The problem with autonomous agentic systems
The idea of agents is quite a seductive one! We break down specific problems into the underlying subtasks needed to solve them, and we assign agents to take care of each of them. The multi-agent systems are usually designed by assigning roles to those agents that resemble the ones we see in corporate organizations.
The problem with that is it leads to over-engineered systems. Frameworks like CrewAI and Autogen provide a fully autonomous agentic system. That is great, but that may not be what we need! Being able to rely on LLMs to make some of the simple decisions at some nodes of the application flow is useful, but why do we need the full software to be agentic?

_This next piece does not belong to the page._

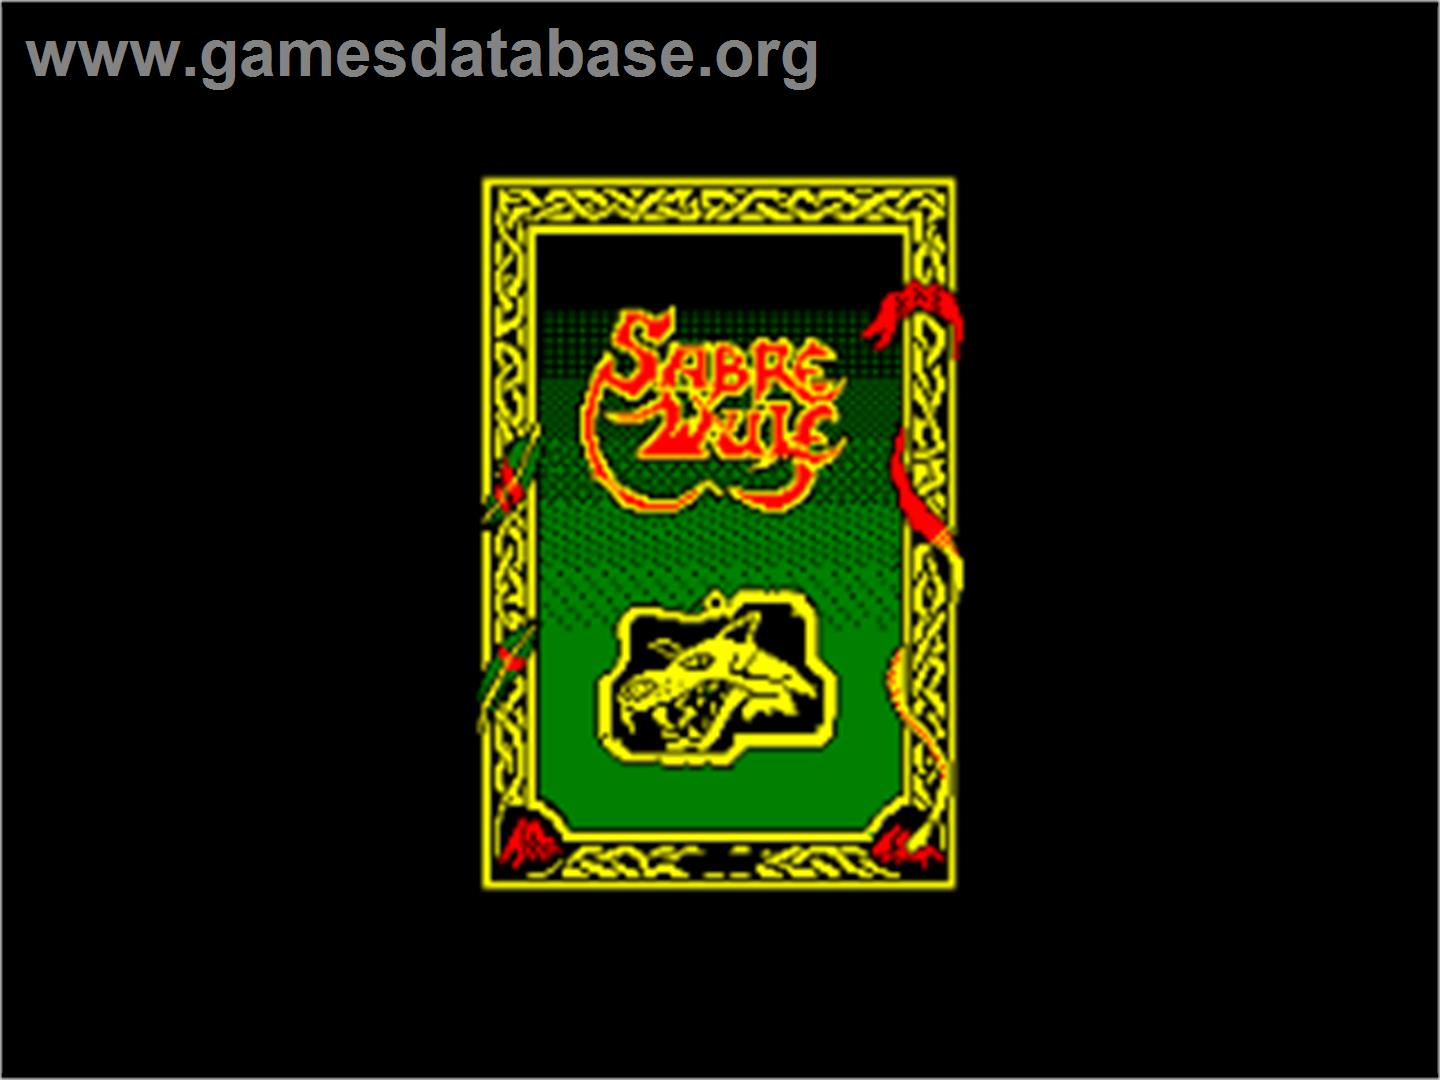 Sabre Wulf - Amstrad CPC - Artwork - Title Screen

Agentic frameworks push the whole application design to be organized into agents, tasks, and teams of collaborating agents. That is a very opinionated way to design software! We often have to unnecessarily rethink simple application flows into an agentic one. LLM-based agents are risky and should be used with extreme care, so sprinkling the codebase with uncontrollable LLMs making decisions is a recipe for disaster!

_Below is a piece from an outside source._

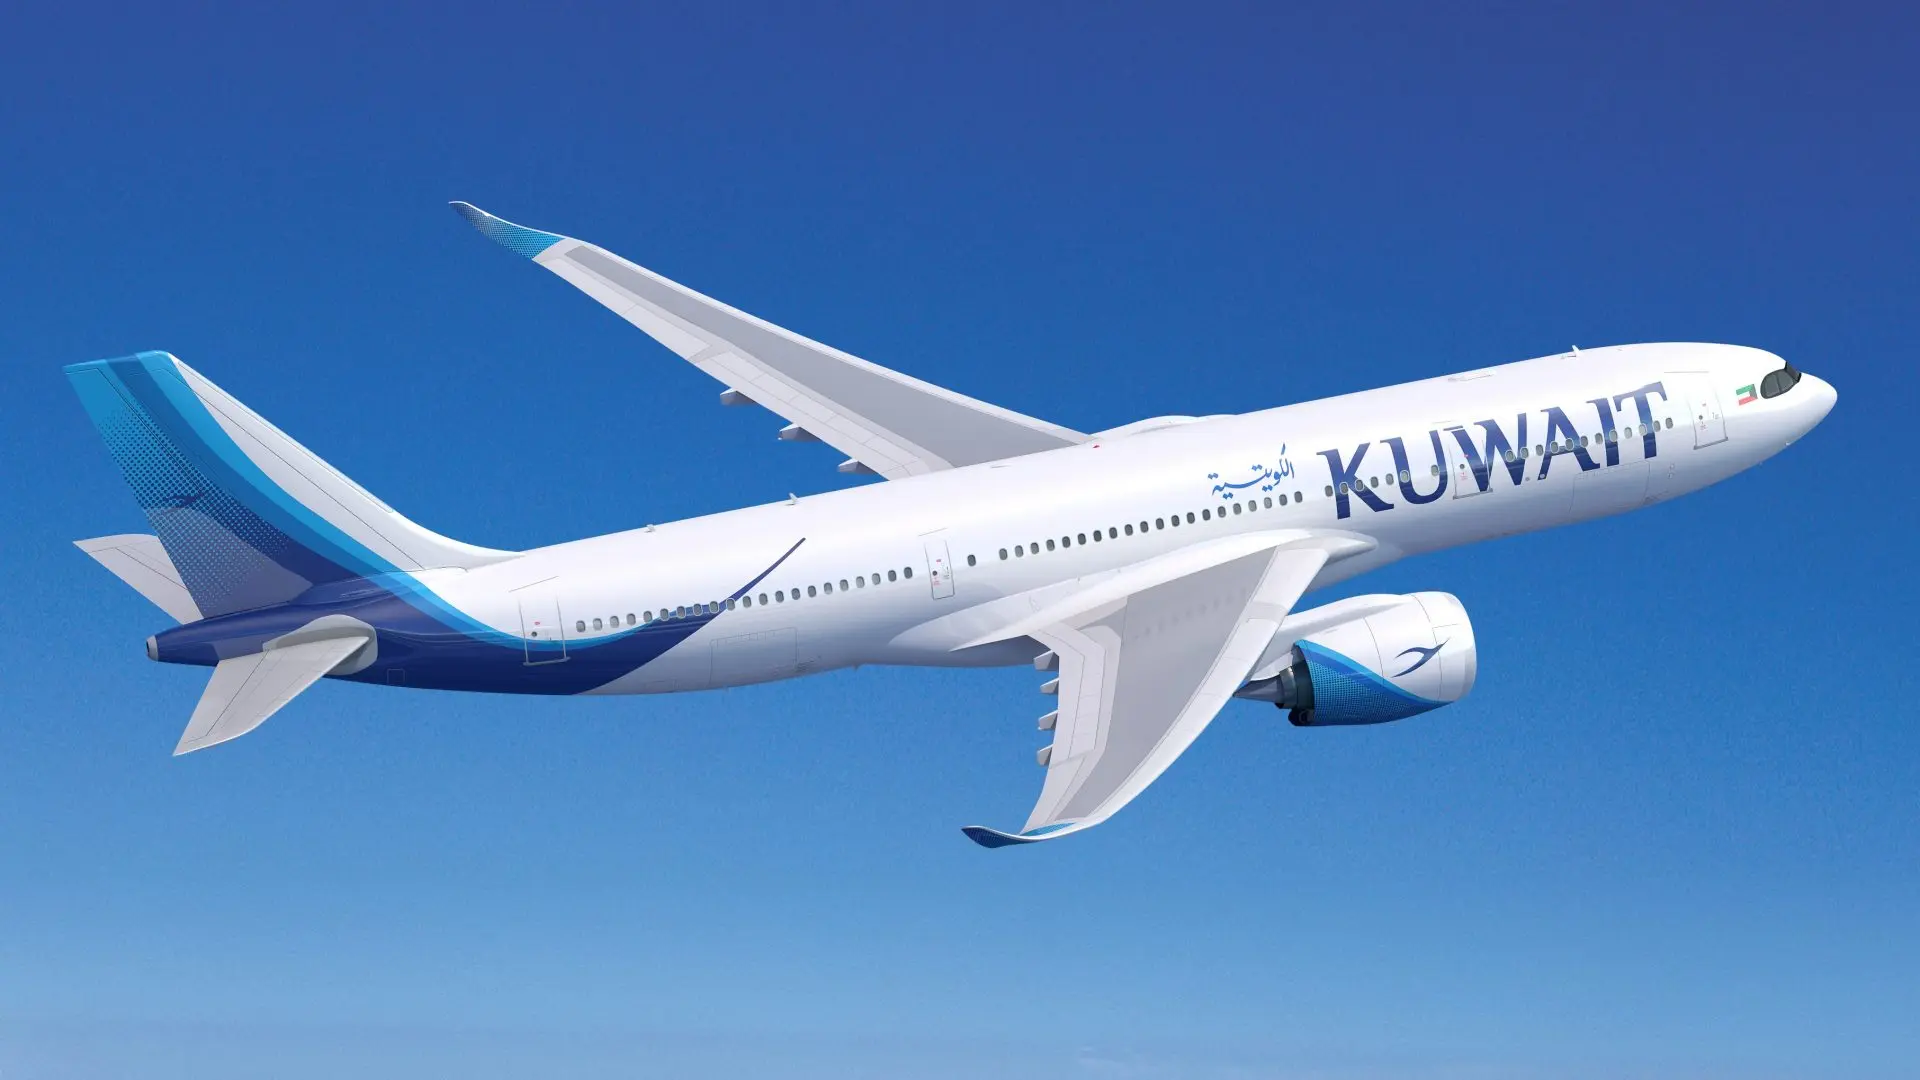 Kuwait Airways' rare A330-800neo

Those frameworks are also very opaque and limited in the way agents actually interact with each other. The documentation isn't always transparent on that side, and you can find yourself spending hours in their Github repos trying to figure out how one task is being handed off from one agent to the next. Furthermore, they seem to be limited when it comes to building production-level software.
As amazing as some demos can be, I would not advise using autonomous agentic frameworks for production purposes. Personally, I recommend using event-based stateful graph orchestration tools like LangGraph, Burr, LlamaIndex Workflows, and even Haystack for anything agentic, as they are much more transparent!